Another big week! Just when you thought it couldn’t get any crazier, it did. But buyer beware, if you you’re not really careful, the News threatens to knock you out of balance. Here’s some help organizing it:
FIRST, There’s the things you couldn’t have missed in the news this week.
- National and local numbers are experiencing an uptick. It’s not drastic or overwhelming, but it isn’t letting up, that’s for sure.
- Death count mounts, hits milestones: 200,000 American deaths; that’s 20% of the 1 million deaths worldwide
- Supreme Court icon passes away creating vacant seat (all of a sudden the heats turns up. But I thought it was already too hot!). Thank you for your unmatched service, RBG!
Then there’s the thing that has been looming for a long time… and is getting closer!
The Political Election! Eeek! It’s been said that there are three kinds of truths:
- Personal truth — true for the individual in their life
- Objective truth — universally true
- Political truth — true because it is incessantly repeated
Ain’t that the sad… truth.
Lastly: There’s the news that makes you cringe maybe more than the others.
What do you do when the majority of the country is leaning against getting the vaccine?

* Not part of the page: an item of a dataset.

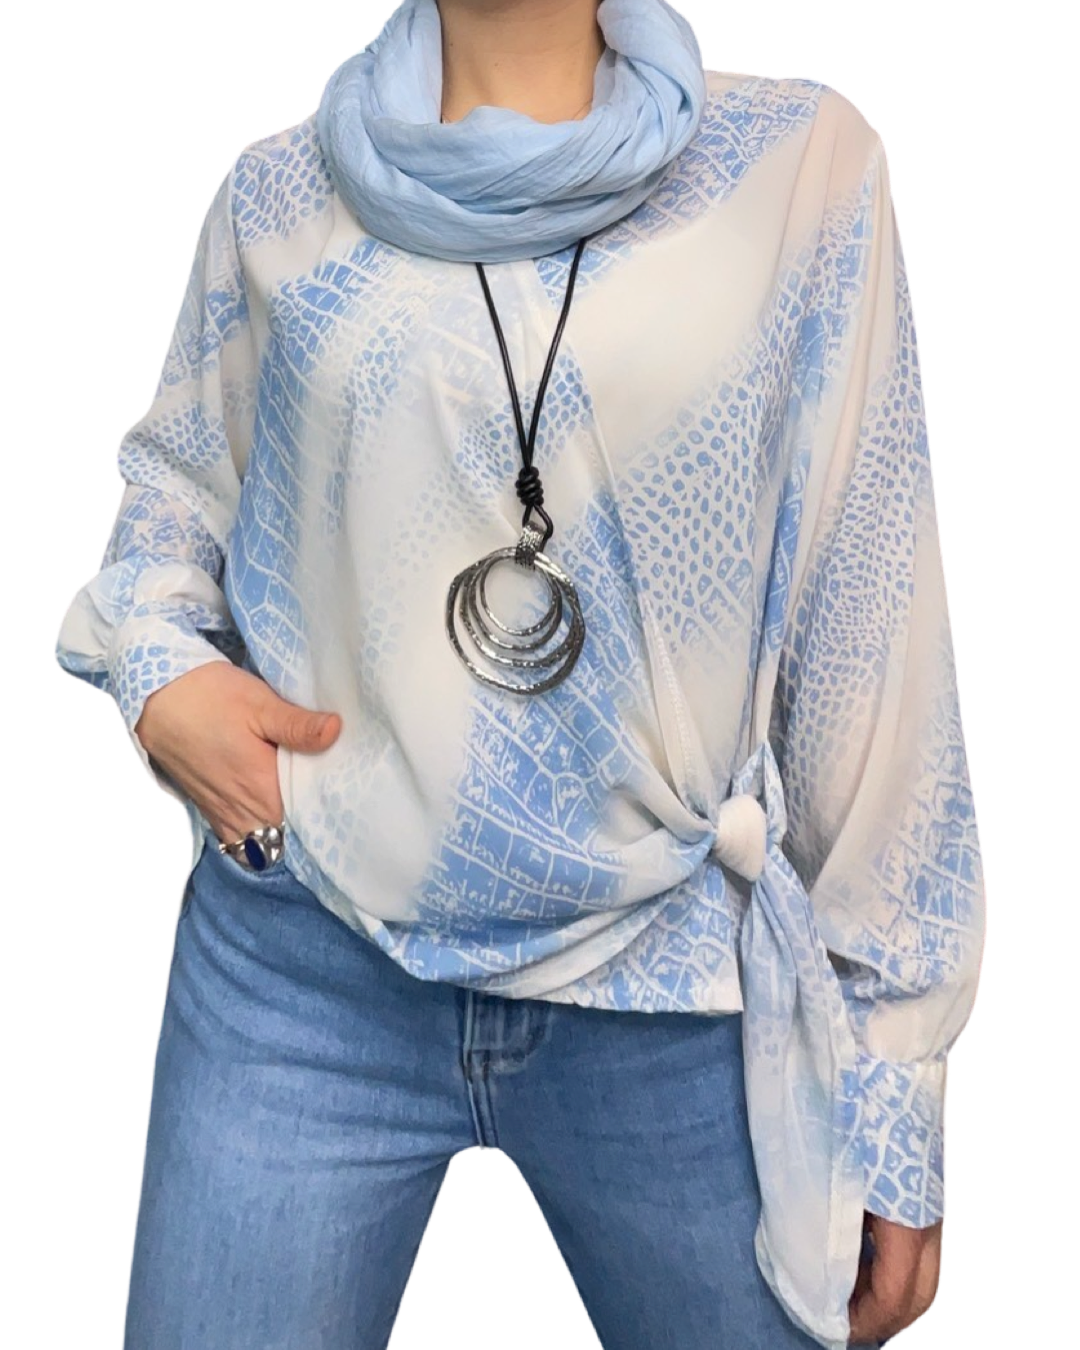 Blouse blanche pour femme à manche longue avec noeud et imprimé bleu. Portée avec un foulard et un collier long.

When the even larger numbers think your vaccine is politically driven?
You try to build confidence by being transparent. That’s just what Moderna and Pfizer did this week. They released the study protocols behind their vaccine trials to build confidence and alleviate anxiety.
The only problem is that they stoked anxieties! Those in the field who reviewed the released information say the clinical trials have been designed to ensure the greatest possible success for the vaccines — and that could overstate their effectiveness. This was reported this week by the Washington Post!
When I calmed down I (cynically) imagined the drug companies thinking, “What’s with the big reaction? That’s what we do! That’s what everyone does: set it up to look good. There’s a lot of money, er… and lives, at stake.”
Do they even know how to not stack the decks?
So, freeze it right there. Power down the engines, Scotty.
Here’s the question, the million dollar question:
What do you do when the news has you feeling totally overwhelmed, and impotent?
Well, as I see it you have two possibilities.
First, (and this is what I am going to do) you could buy a new toy. I had a long conversation this week with my medical supply consultants. What I hear is that the $15 five minute rapid antigen tests are being brought up by the government. They bought 150 million of them and somehow plan to use them in schools. It is suggested that a negative antigen test be confirmed by a molecular (PCR) test, anyway.
So, I am looking to buy an Abbot ID Now, the In-house PCR-based COVID tester, gives results from a nasal swab in 15 minutes.
Let’s do this!
Why? Because I think we’re gonna be in this for a while and I think it’s an investment in you and in us. I think we will be well-positioned as a cohort for whatever could come. Fingers crossed that we can get it by November- that’s the time frame they gave me. It can run flu tests too.
The second thing you can do (and we can do this together right now) is opt to check in on news that’s grounded in eternity.
This week we passed through the Autumn Equinox, where the year inverts itself. We are leaving the the half of the year filled with light and warmth. Three months ago was our longest day. In three months we will have our shortest. And darkest.
And as we are slide into the dark and cold time of the year it’s difficult for many people. It feels like a crisis.
The objective truth is that when a door closes there is simultaneously one opening. Don’t miss the new opportunities at hand with too much focus on that which was lost.
One key to facing the challenge is to recognize that the natural world’s movements are not the whole picture.
If we include the human being in the picture of the course of the year we see something remarkable.
The poles of the year are not just opposites, they are true inversions of each other. Only when you include the human being, the crown jewel of creation, the thinking being, can you realize it.
When the light and warmth are present in the outer world, the human being’s inner life of thinking and reflection is relatively dark. When the light and warmth disappear from the natural world we are able to most deeply connect to the light inside of us.
Winter is archetypically a quiet, still, and pensive time. Summer, on the other hand, is for long days of work and sweat. The heat and humidity are not conducive to our best thinking, rather to doing. The jungle is not where you would want to sit and take a long written exam, for example. You want to take it in a cool, quiet place, with a an extra layer of clothing. That’s where we think best. If you’re going to give kids a break from school, you might as well choose summer, and we do!
Transition point in the year
During his time of year a re-orientation is demanded. The whole purpose of the festival of Michaelmas, which falls this week, is to instill courage to order the light and dark in the world.
The archangel Michael is one of the principal angelic warriors, and is known as the conqueror of the dragon. He is the heavenly hero who gives strength to people.
Our trials awaken in us the awareness of the consequences of our own actions, and ask us to take responsibility for ourselves and the planet. And there is an actual battle between the forces for sensitivity, awareness and responsibility and those of self-interest, social divisiveness and materialism. But before you proclaim whose side you are on, let’s realize this battle is within each one of us. And is reflected in the turning of the year.
That’s the sort of news that I think is most fit to print.
We have a lot to do together, sorting out this dark and light; but, rest assured we aren’t going it alone.